Generate a Lean 4 proof skeleton for a deployed Base smart contract
Produce a human audit checklist anchored to live on-chain security flags
Hand off a structured work order to a proof model like Leanstral or DeepSeek-Math
Scope an adversary model and assumptions for a formal verification effort
Requires staking 20 million SOLVR tokens on Base to reach Standard tier and a Solvr API key stored as a repo secret.
This repository is a skill pack for AEON, an autonomous agent runner, that plugs into a service called Solvr. Solvr provides live intelligence about contracts deployed on Base, a blockchain network. The pack adds one skill, called formal-verification, which produces a work order for proving that a smart contract behaves as intended. The motivation is taken from a Vitalik Buterin essay published in May 2026. The argument is that AI can find bugs in code faster than humans can patch them, so trustless code looks doomed. The counter-move is AI-assisted formal verification, where the bottleneck is not writing proofs but stating the right theorems against the right adversary model with accurate context about what the contract really does.
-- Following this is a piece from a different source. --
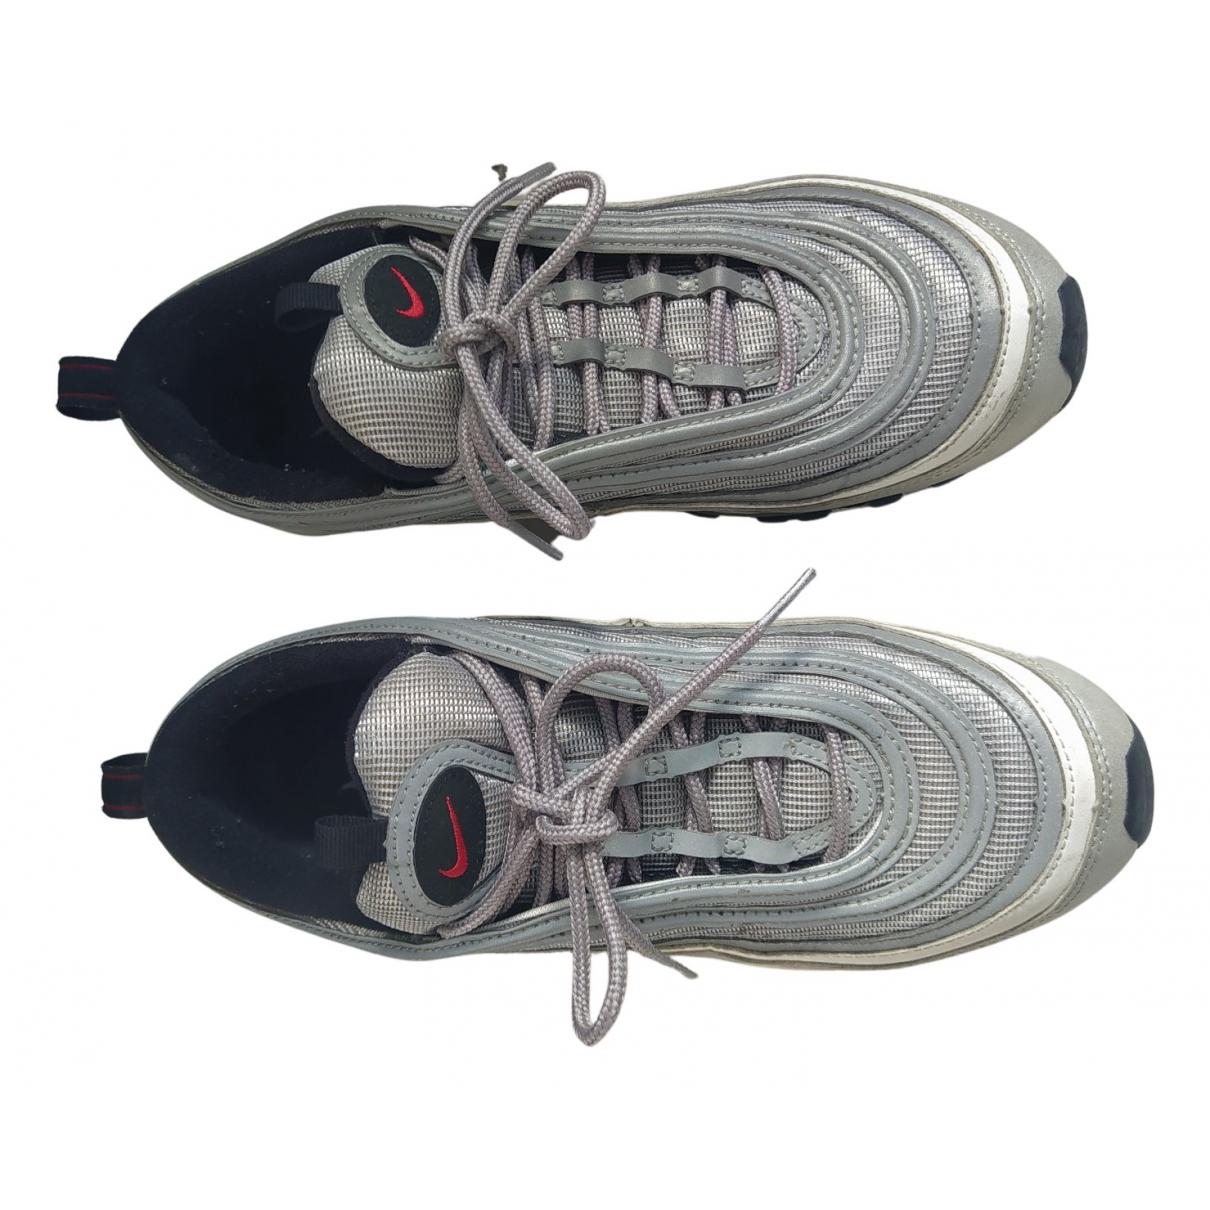 Nike Air Max 97 Sneakers in  Silber Leinen

Solvr's intel layer is meant to fill that context gap. Given a Base contract address, the skill generates a complete work order: a list of theorems anchored to live intel and security flags, a Lean 4 spec skeleton, an assumptions section, a residual-risk report, and a human audit checklist. The output is then handed to a proof-trained model such as Leanstral, Lean Copilot, or DeepSeek-Math, or to a human prover. The skill itself does not compile Lean, submit transactions, or execute bytecode. Setup involves staking 20 million SOLVR tokens on Base to unlock the Standard tier, generating an API key on the Solvr dashboard, and adding that key as a repo secret. The skill is then enabled in an aeon.yml file and triggered manually from the AEON dashboard with the contract address as a variable. The API key is read-only and cannot sign transactions or move funds. The README spends time on the security model, listing threats like contract-address injection, prompt injection from API responses, bearer-token exfiltration, hanging requests, and scope creep, with the mitigations used for each. Limits noted include hidden assumptions and the gap between proving source and proving compiled bytecode.
Generated 2026-05-22 · Model: sonnet-4-6 · Verify against the repo before relying on details.